Однако в поэме Сото де Рохас не ограничивается воспроизведением только этой, пусть уже переосмысленной действительности. Реальность преображается дважды, и второй раз это происходит благодаря метафорическому языку ученой поэзии, достоянию гонгоризма. Идет "игра с чудесными возможностями значений и реальностей".10 Не последняя роль в этой игре отведена эрудиции, традиционной учености, которая служит украшению текста и помогает установить разного рода межтекстовые отношения, особенно связи с античной и библейской мудростью. Барочное произведение, по А.В.Михайлову,11 всегда имеет нечто от энциклопедии, стремится дать, с одной стороны, возможно наиболее полный свод знаний, а с другой, воспроизводит саму структуру знания о мире.

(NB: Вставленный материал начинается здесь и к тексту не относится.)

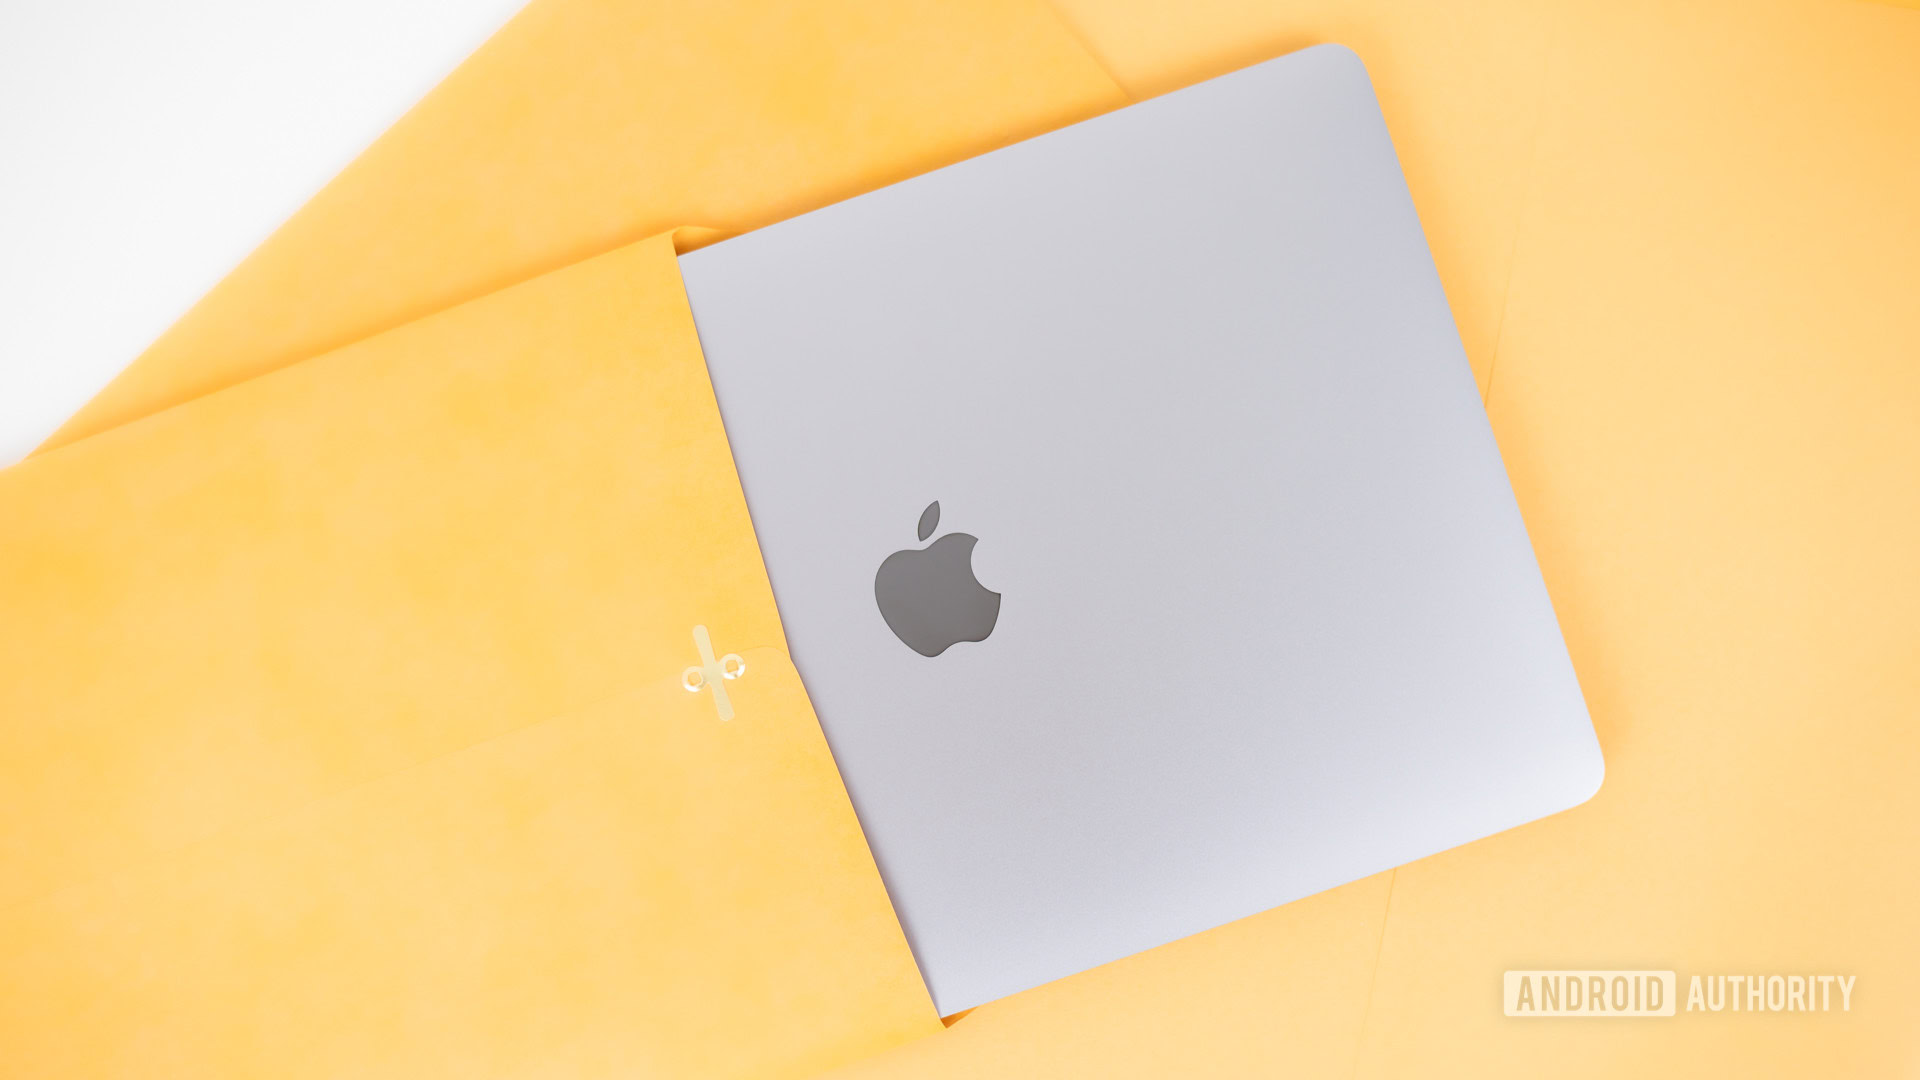 MacBook Air 2020 review

Во вселенной, по традиционным представлениям, живым еще в эпоху Барокко, наряду с известными, познаваемыми вещами существует тайна, познать которую в принципе невозможно. "Тайное входит в состав нашего знания, однако входит именно как тайное".12Подобно тому, как мир включает в себя тайну, барочный текст, всегда отражающий устройство мироздания, также необходимо содержит тайное. Это может быть и знаменитая культистская трудность, усложненность текста на уровне языка, и какой-либо числовой расчет, имеющий символическое значение (напомним, что сад Сото де Рохаса состоит из семи террас), и любой другой прием или смысловой ход. Роль читателя при этом может быть понята двояко. С одной стороны, как было сказано выше, в самой сложности культистского текста уже заложена необходимость толкования, а значит, и читательского сотворчества. С другой стороны, барочное произведение, образуя законченный микрокосм, легко замыкается на самом себе, и тогда читатель выступает лишь "как неизбежное приложение ко всему тому, что прекрасно и "самодостаточно" устраивается во взаимосвязи: автор -произведение -мир -знание".13 Так, поэма Сото де Рохаса "Рай, недоступный многим, сад, отворенный избранным" вообще не предполагает адресата в обычном понимании слова. Он надперсонален и видится в будущем, собственно, это аллегория бессмертия, которого достигнет поэма, а с нею и сад: "И пора веков грядущих восхвалит мою песнь на берегах Хениля".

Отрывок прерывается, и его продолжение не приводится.